Progress can be followed on GitHub and a working paper is available here.
Organizations that procure food for subsequent distribution as aid are increasingly recognizing its potential to stimulate local market development by facilitating small-scale traders’ and farmer organizations’ access to reliable and profitable markets. Building on this commitment, they are instituting strategies aimed at engaging private sector actors, particularly large-scale traders, to enable more cost-effective sourcing while advancing broader development goals such as improved nutrition, resilience, smallholder incomes, livelihoods, and gender equality. This research analyzes systematically collected stack survey data from farmers and traders in western Uganda to evaluate the extent to which conditional contracts have contributed to these objectives and fostered transformation within local agricultural value chains.

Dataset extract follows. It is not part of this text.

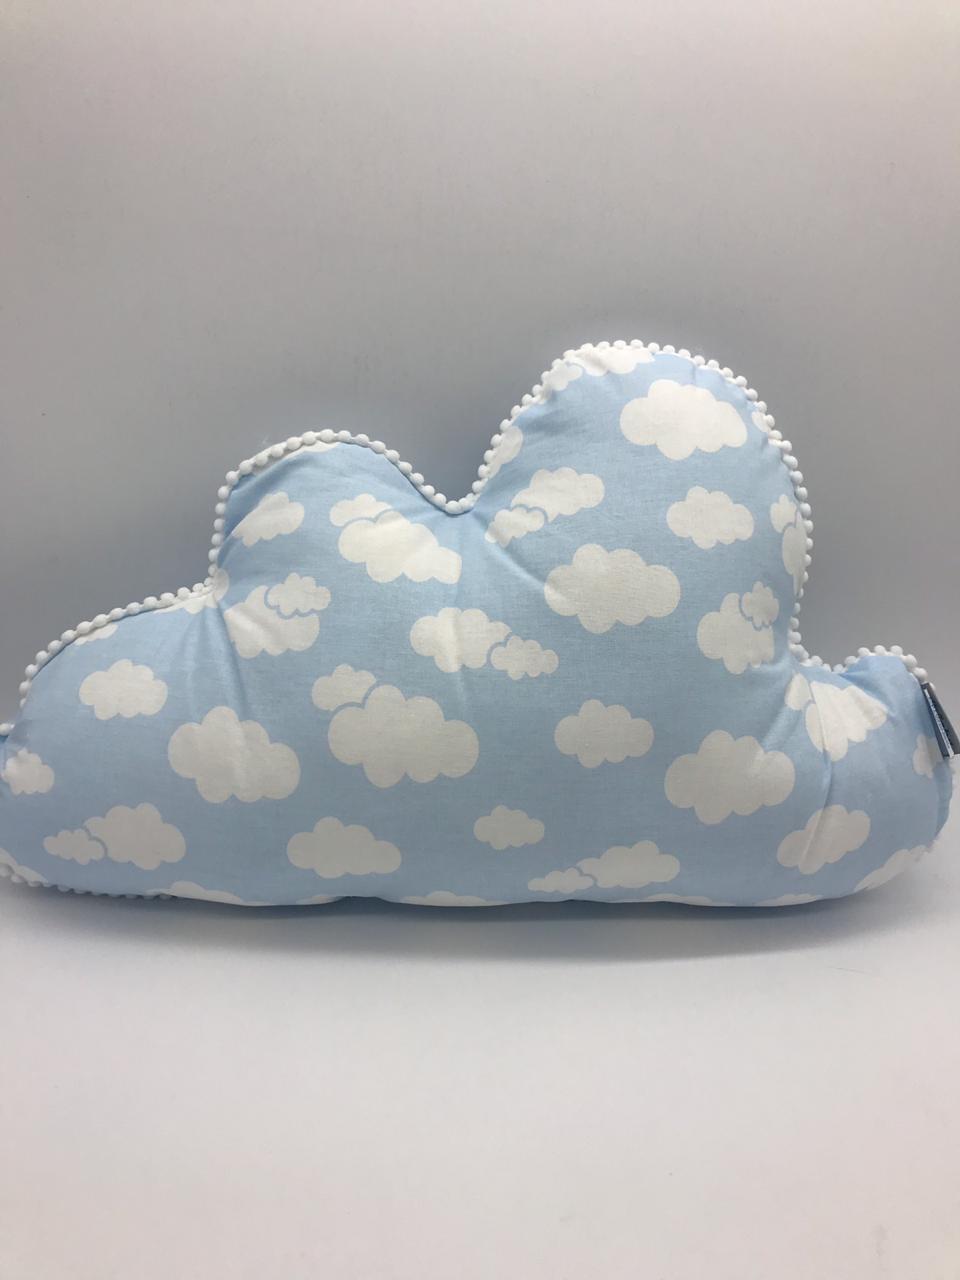 Almofada Nuvem Azul Bebe - Alvinha Minasrey Ref 5843

This is joint work with Gashaw T. Abate and Kalyani Raghunathan.
Raising agricultural productivity among smallholder farmers in Sub-Saharan Africa is widely recognized as an important component of inclusive wealth creation and structural transformation. Central to this endeavor will be the adoption of sustainable soil and land management to improve the sustainability, resilience and productivity of agriculture. As such, government advise farmers to increase soil productivity by embracing the use of fertilizers and implement proper soil health management practices. However, these recommendations mostly come in the form of blanket one-size-fits-all recommendations that ignore heterogeneity in soil characteristics that individual farmers face. Using a cluster randomize control trial, we evaluate the impact of a bundled intervention that involves offering farmers a soil test on a plot they select and, using the results of this soil test, provide them with tailored fertilizer recommendation and access to agricultural advice on the proper application of the recommended fertilizer to attain a desired yield for a particular crop the farmer chooses to plant on the plot. Furthermore, we also explore resources constraints as a potential barrier to the adoption of site specific fertilizer blends by providing a subsidy tied to the recommended fertilizer blend.

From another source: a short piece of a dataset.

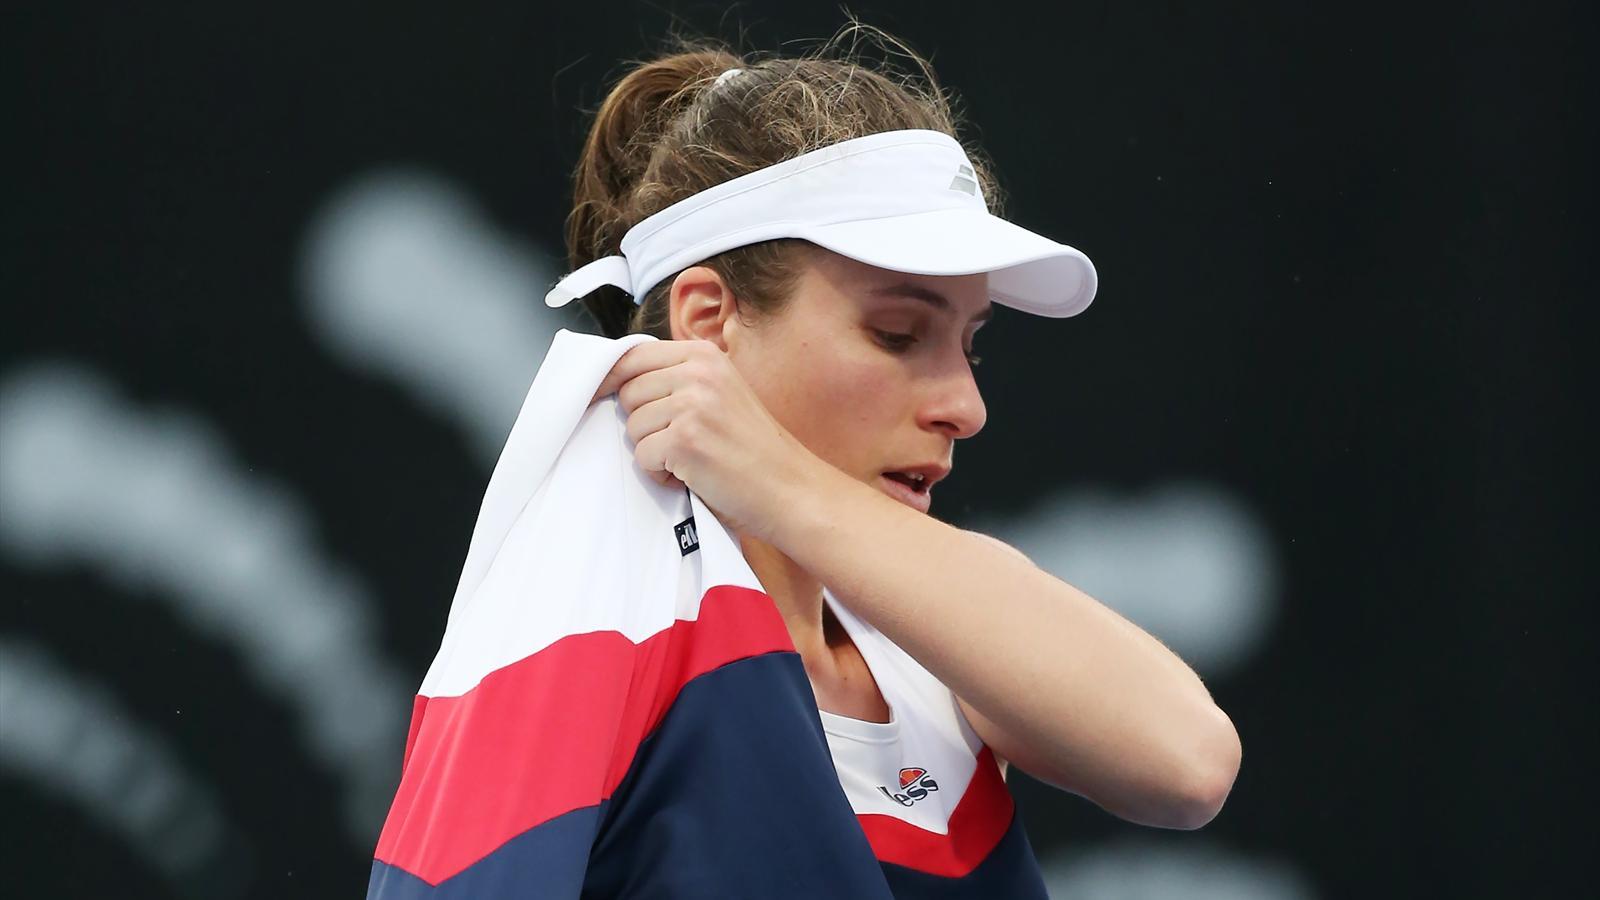 Tennis News Johanna Konta Suffers Neck Injury Just Week

This is joint work with Richard Ariong, Thomas Assefa, Jonathan Atkinson, Joachim De Weerdt, Edwin Siyame, David J. Spielman, Patson Nalivata, and Mozes Munthali.

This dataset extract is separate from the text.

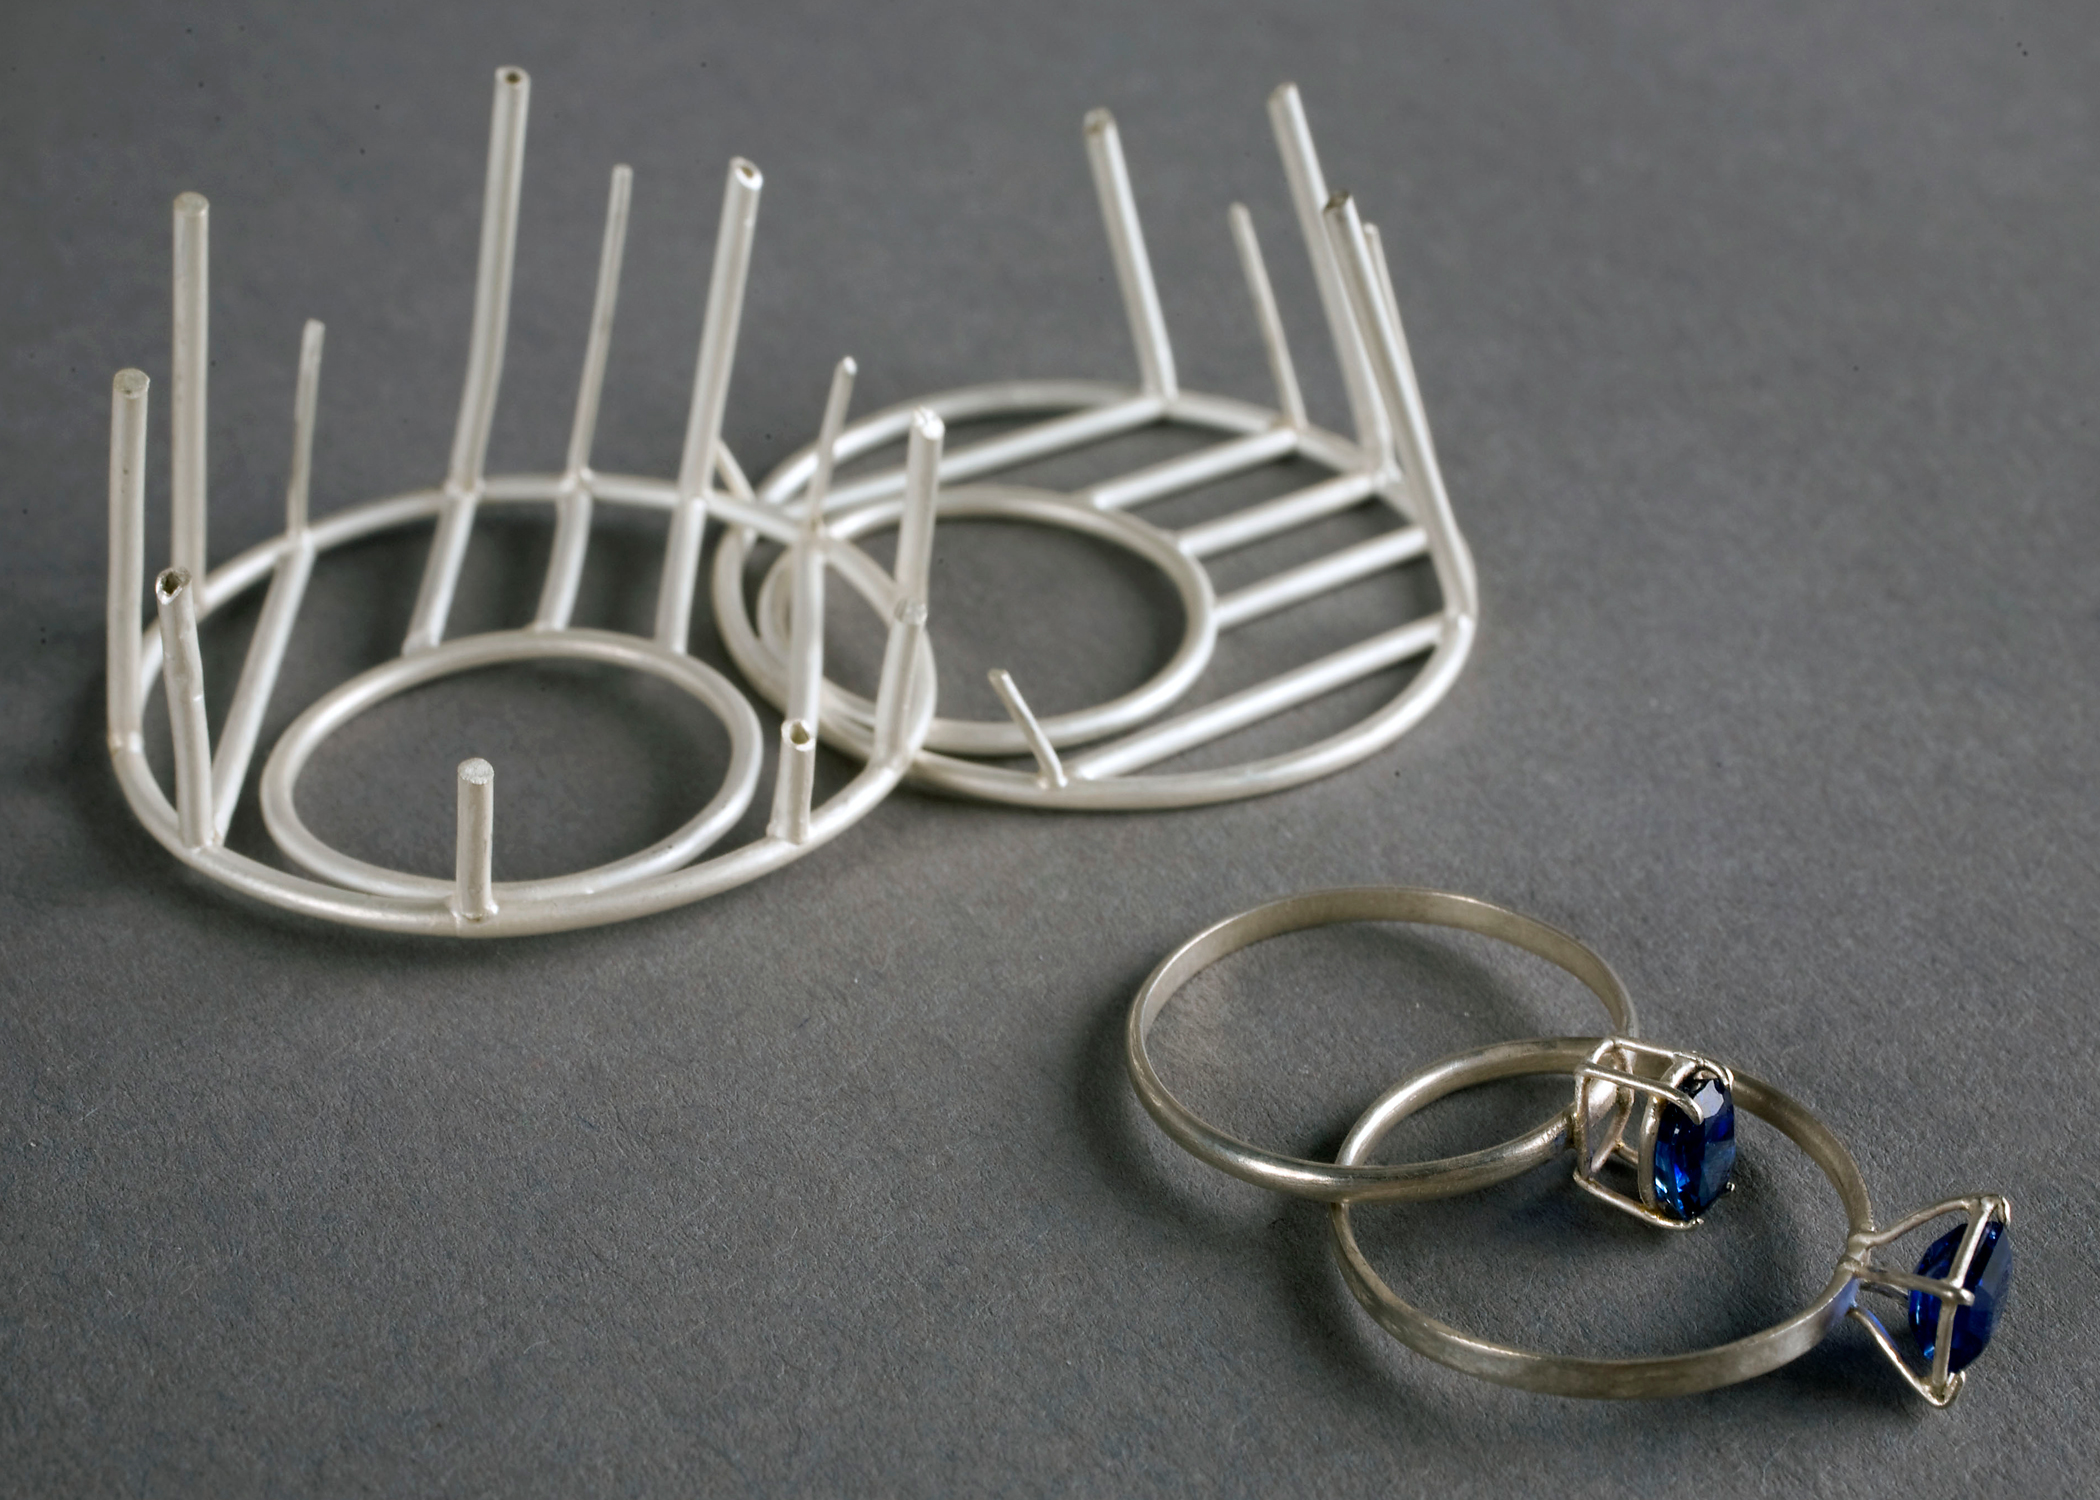 Cozy Indigo Rings detail

This work has been pre-registered at the AEA-RCT registry (AEARCTR-0014293).
Progress can be followed on GitHub.
It is often observed that smallholder farmers sell most of their marketable surplus immediately after the harvest when seasonal price movements reach their lowest point, instead of waiting just a few more months until prices recover. Most explanations for this seemingly sub-optimal behavior focus on economic or infrastructural issues, such as credit constraints or lack of storage facilities. In this study, we take a closer look at two potential behavioral explanations. One explanation focuses on household expenditure and assumes that households face challenges in accurately predicting future expenditures, systematically underestimating future needs. A second potential explanation focuses on household income, where motivated reasoning leads farmers to sell too early and/or at low prices. To test these hypotheses, we conduct two planning-based interventions among a sample of Malawian smallholder farmers: (1) a detailed expense budget and (2) a sales plan with explicit commitment to timing of sales, quantities and prices.
This is joint work with Joachim De Weerdt and Brian Dillon.
This work has been pre-registered at the AEA-RCT registry (AEARCTR-0009410).